# Recorded information
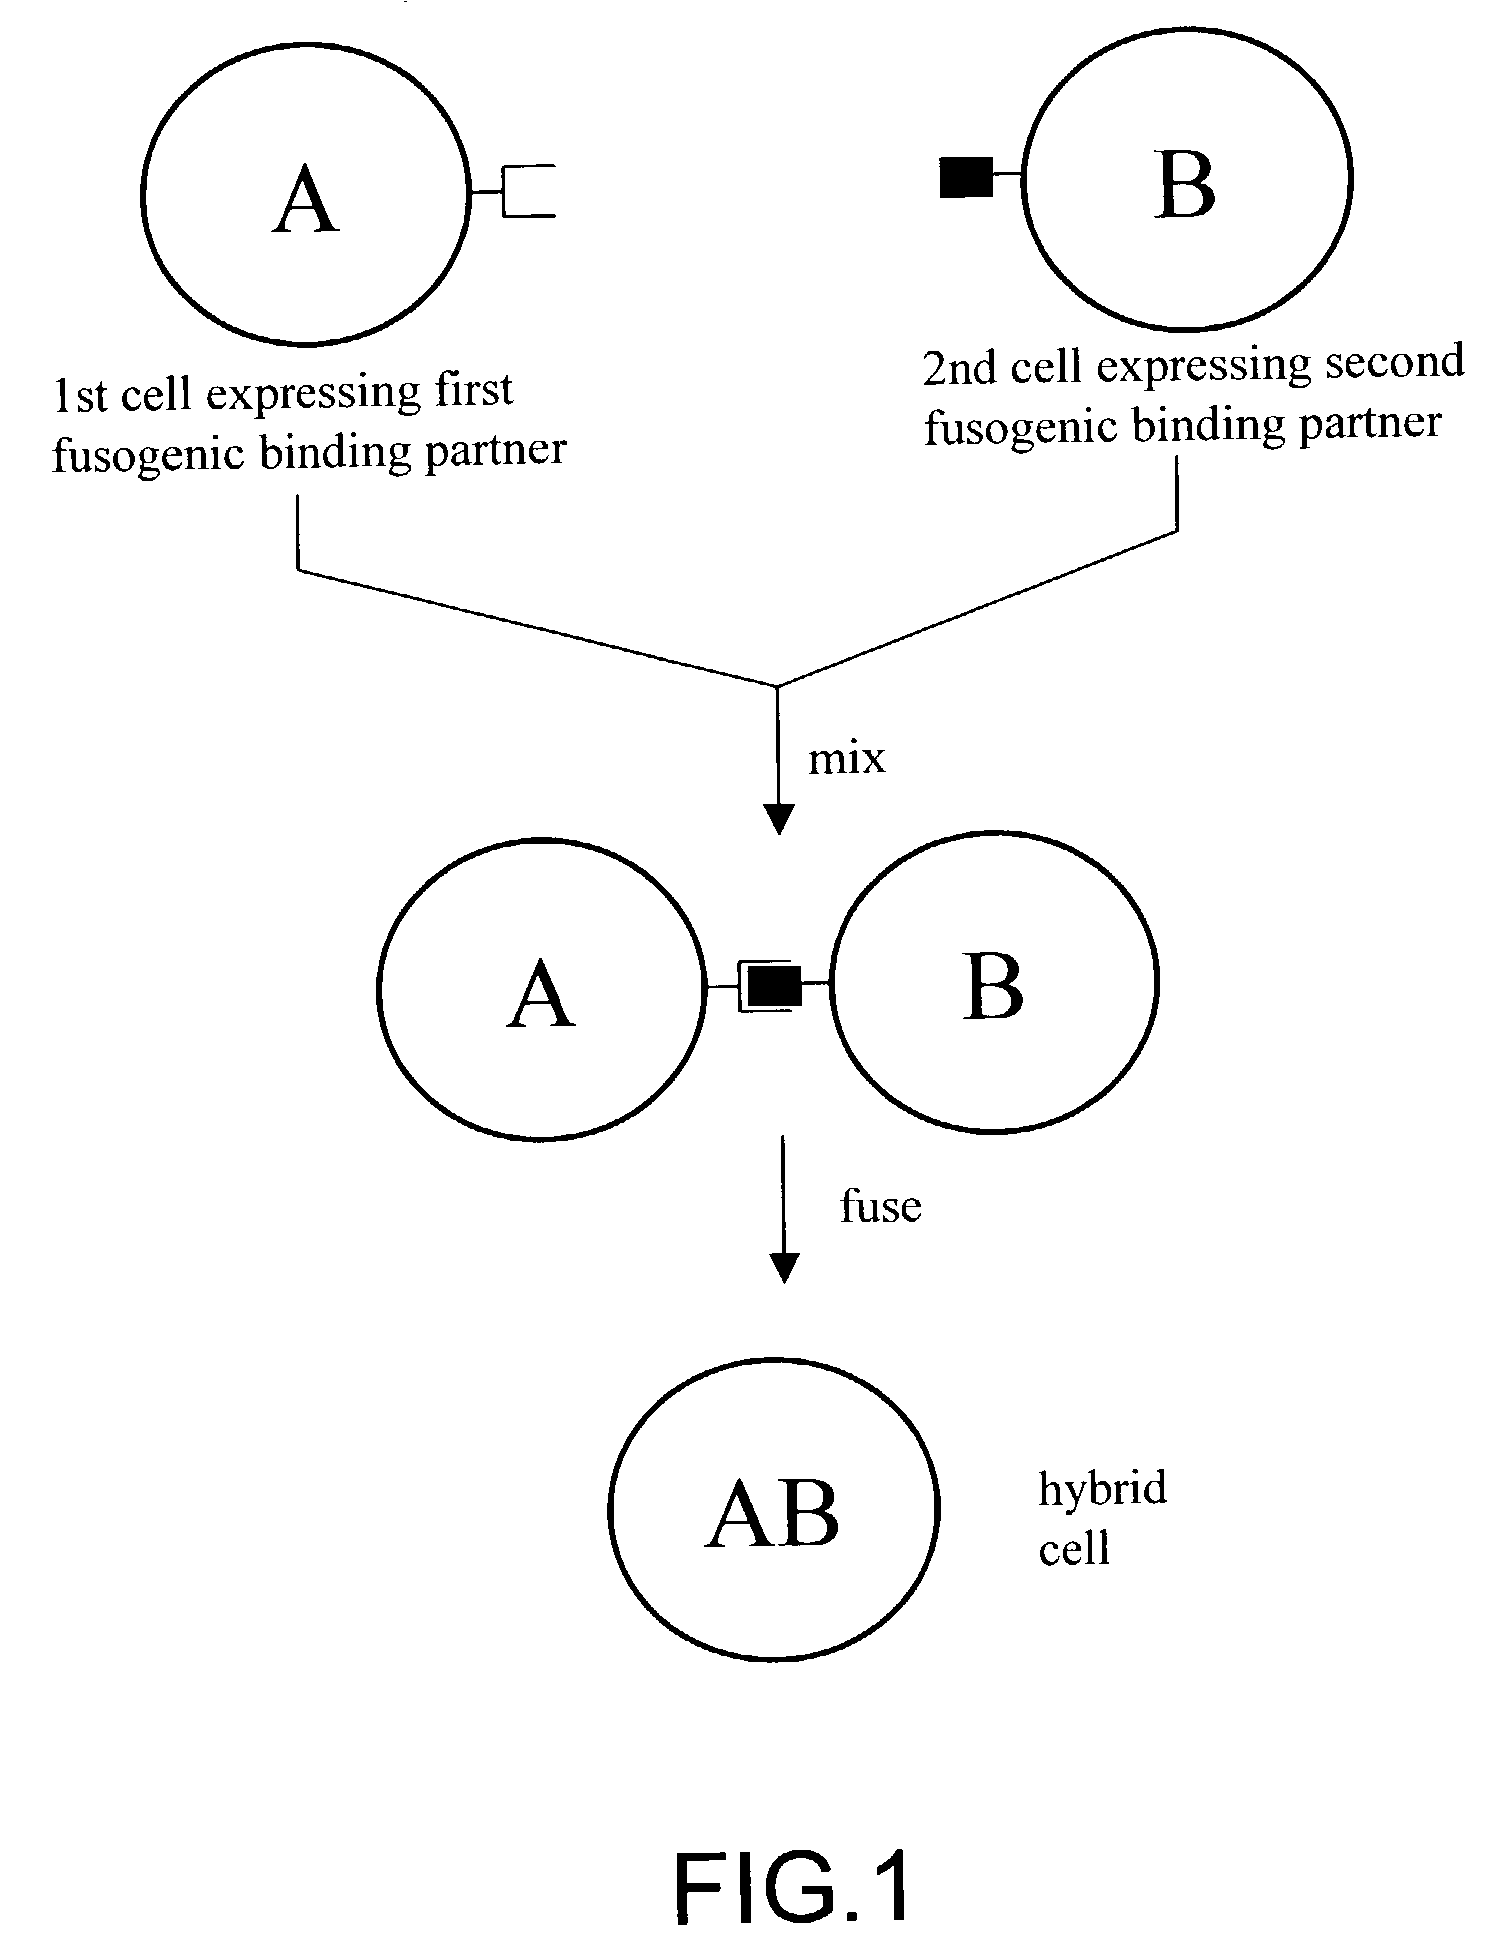 Cell fusion method
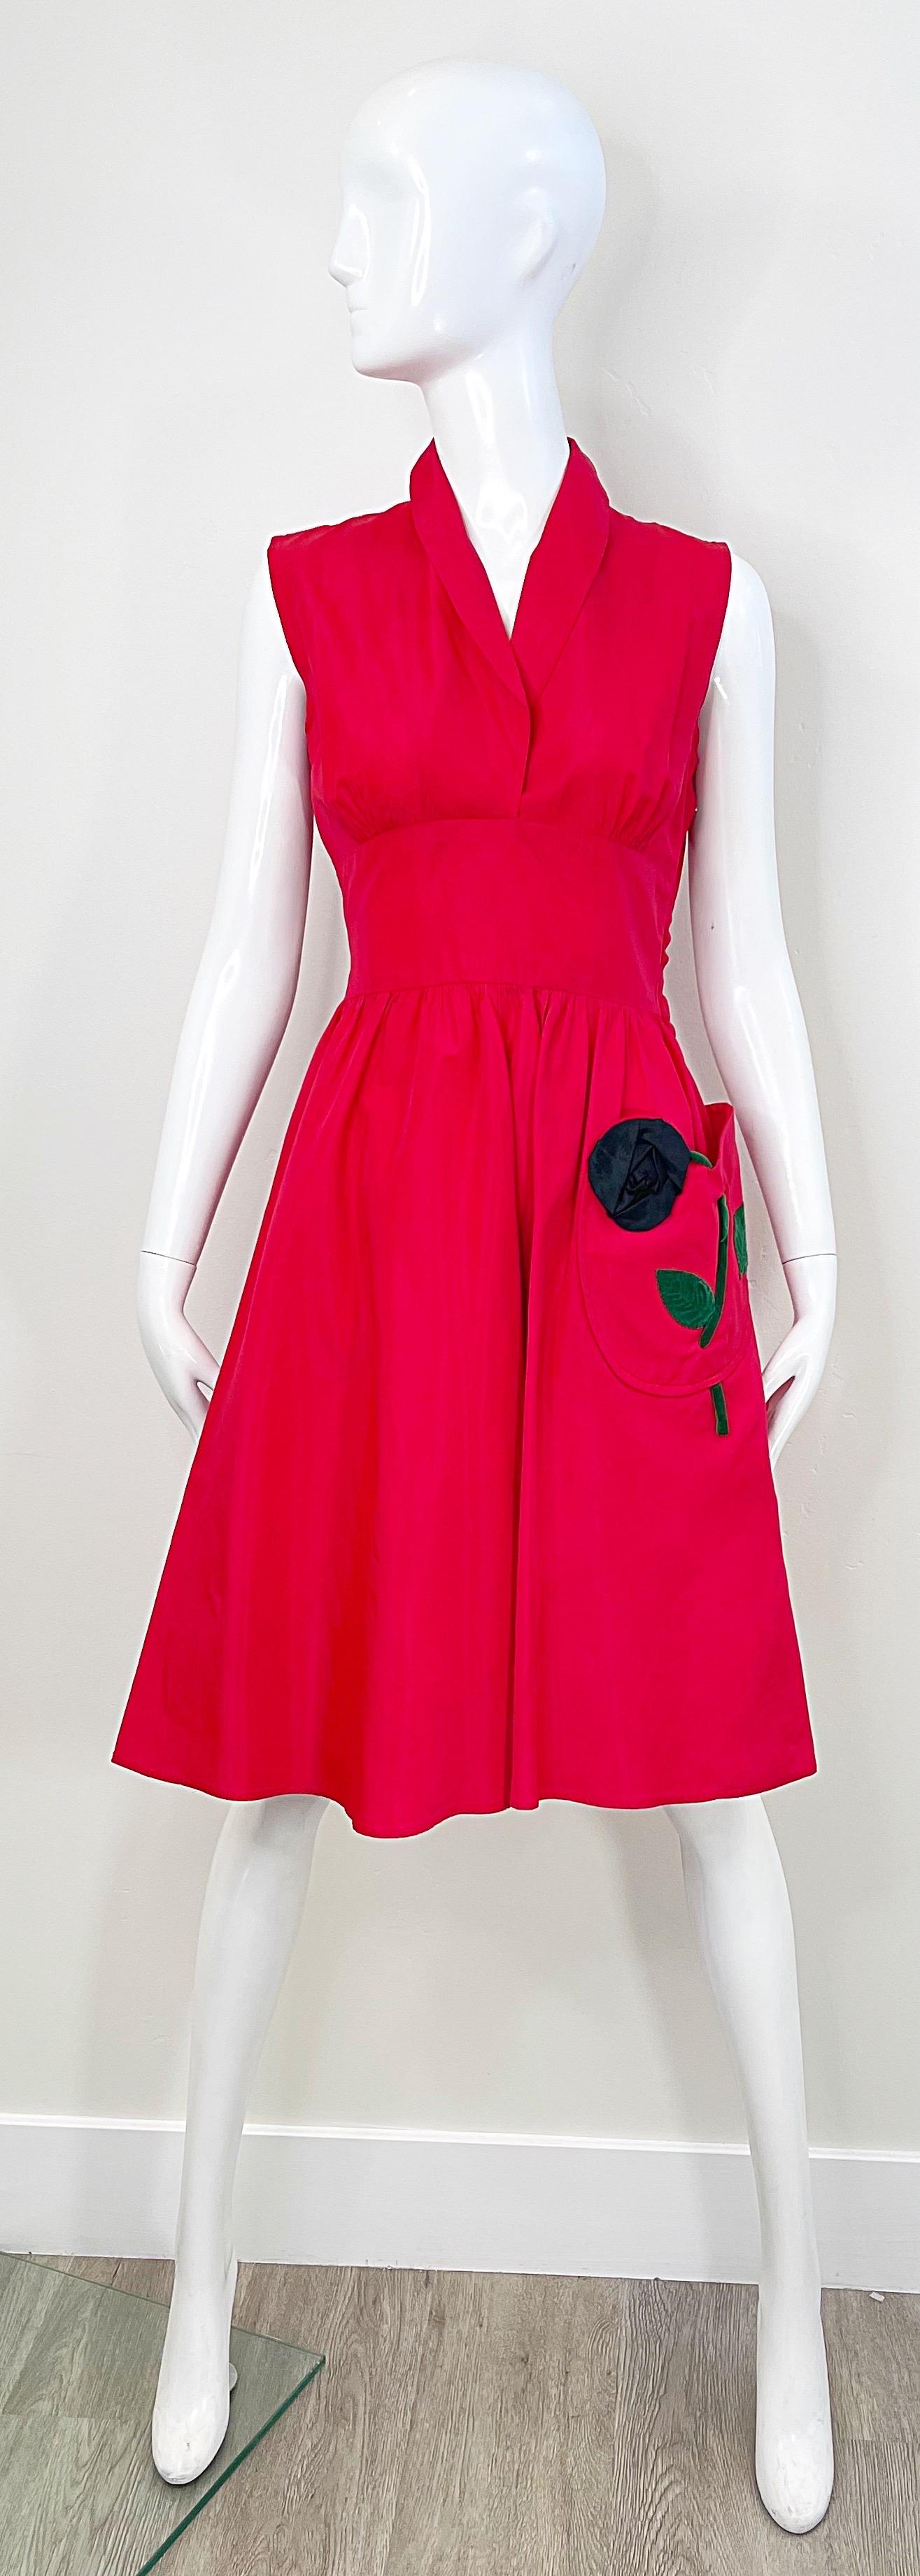 Beautiful and rare vintage 1950s lipstick red silk and nylon taffeta fit and flare dress !  Tailored bodice with a full skirt that features a black taffeta rose with green velvet stem on the pocket. Hidden metal zipper up the side. 
Very well ell
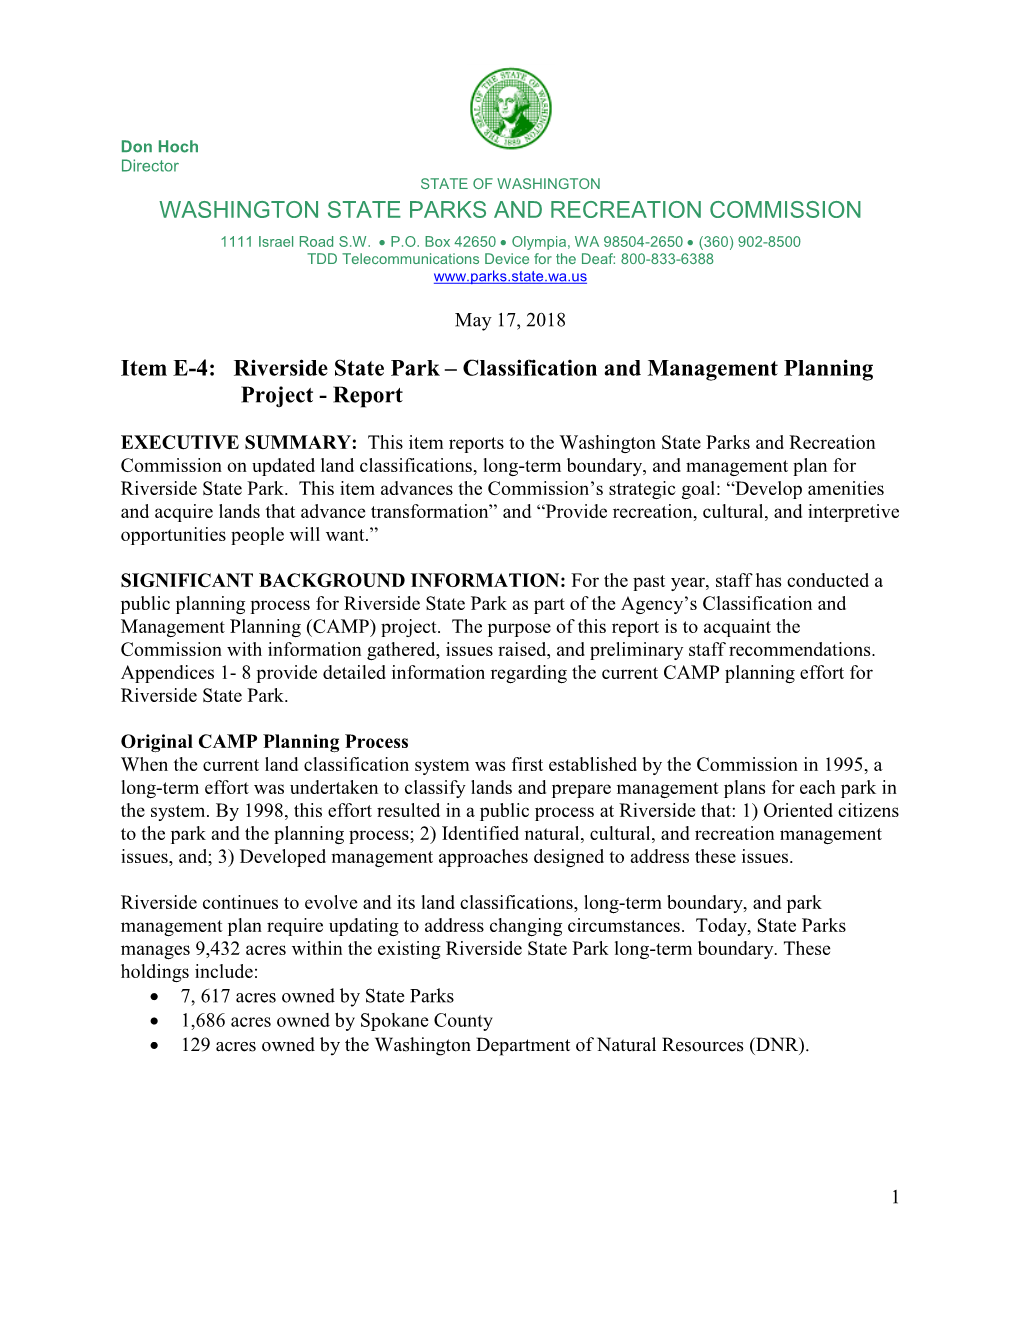 WASHINGTON STATE PARKS and RECREATION COMMISSION Item E-4: Riverside State Park – Classification and Management Planning
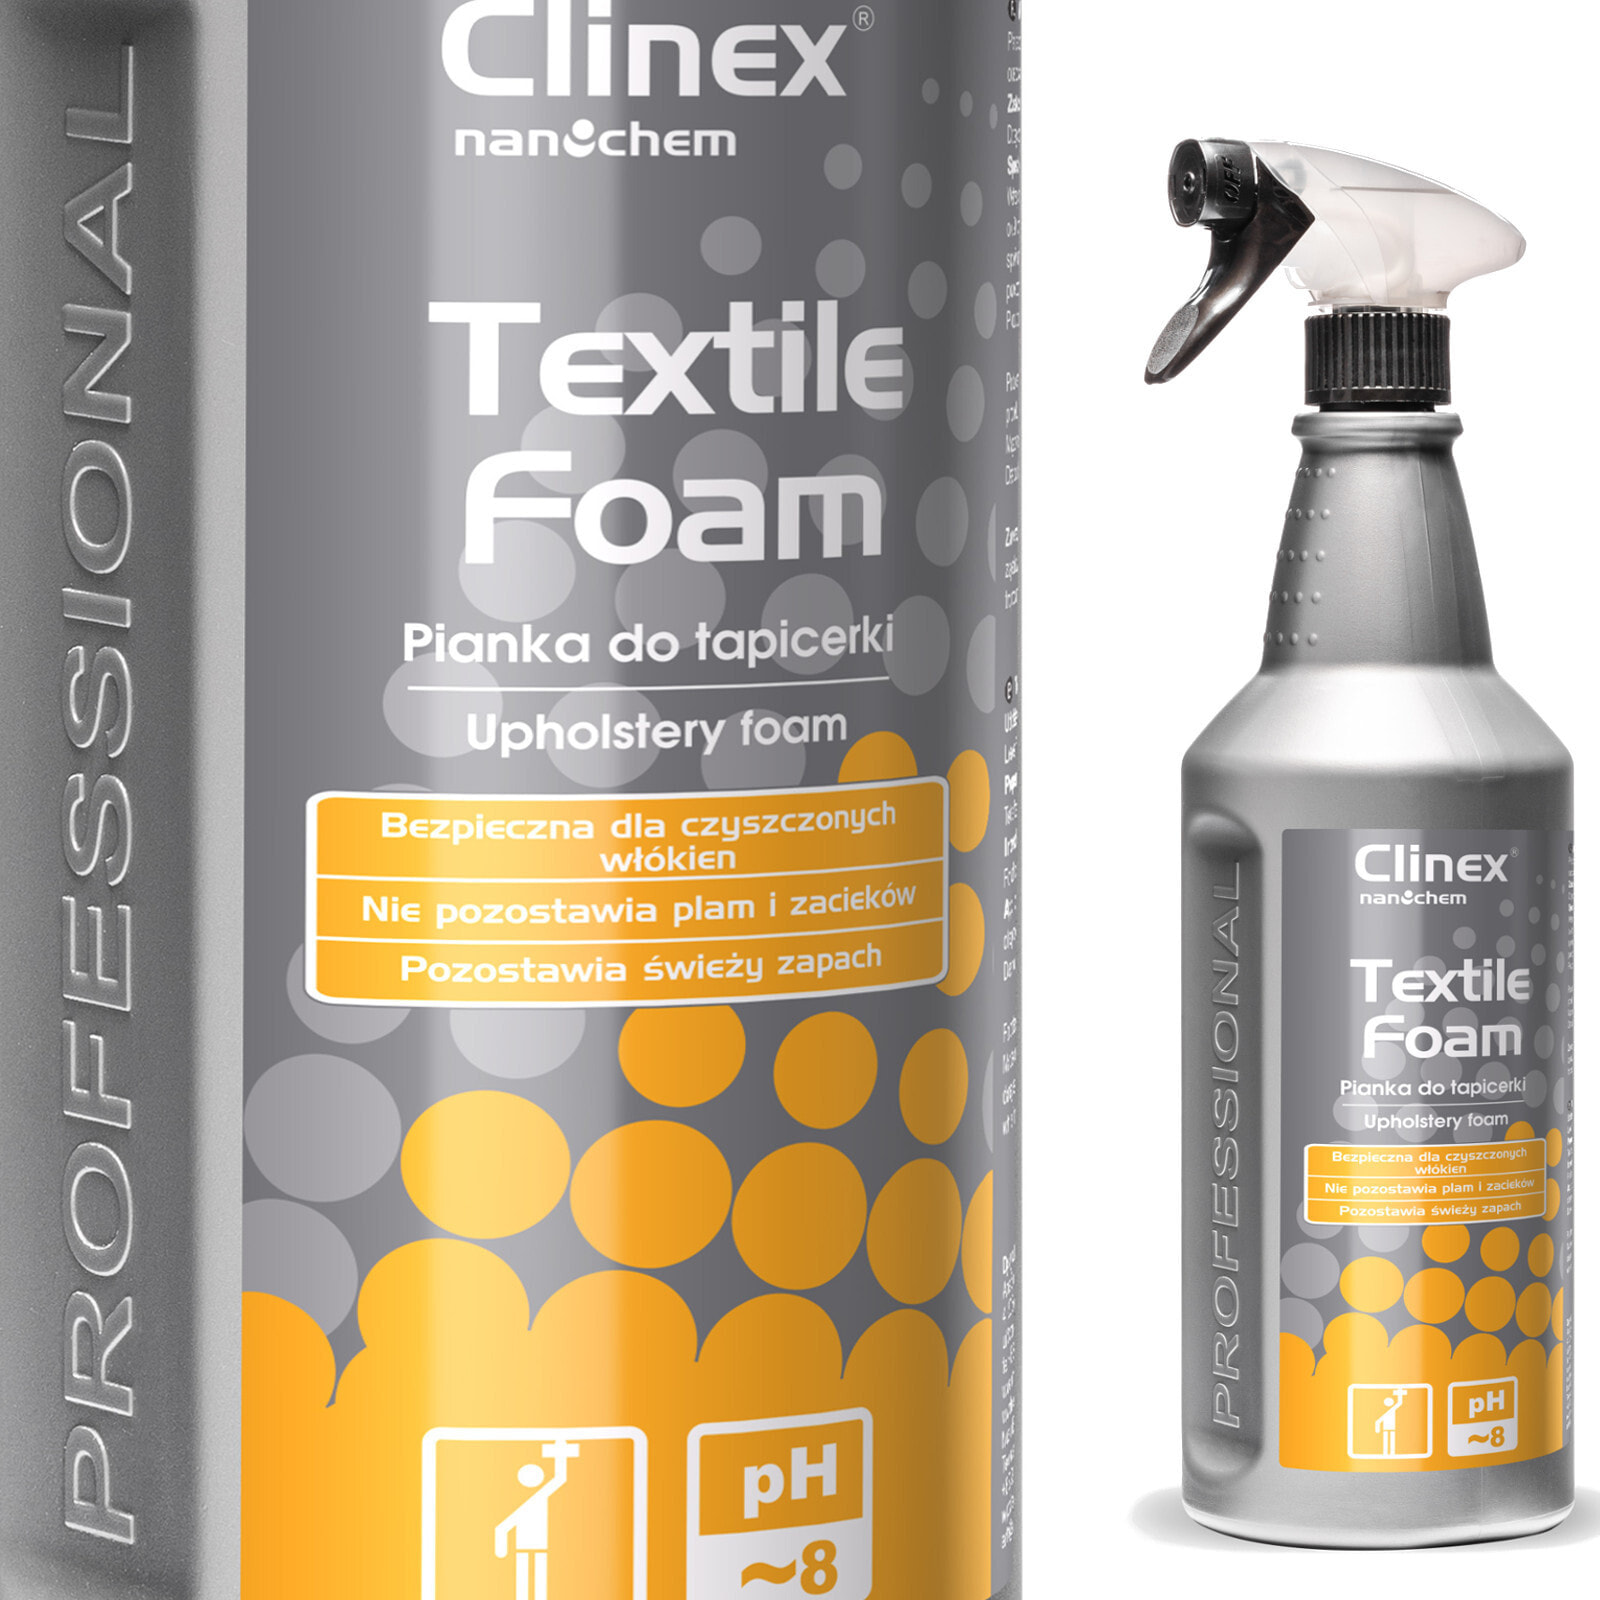 CLINEX Textile Foam 1L washing foam for cleaning stains from carpets, furniture and upholstery

# Your objective
Without any pictures, reproduce the lines from the first one in the material through the line that has "Beautiful and rare", exactly as they appear.

# Exercise response
 Cell fusion method
 Beautiful and rare vintage 1950s lipstick red silk and nylon taffeta fit and flare dress !  Tailored bodice with a full skirt that features a black taffeta rose with green velvet stem on the pocket. Hidden metal zipper up the side. 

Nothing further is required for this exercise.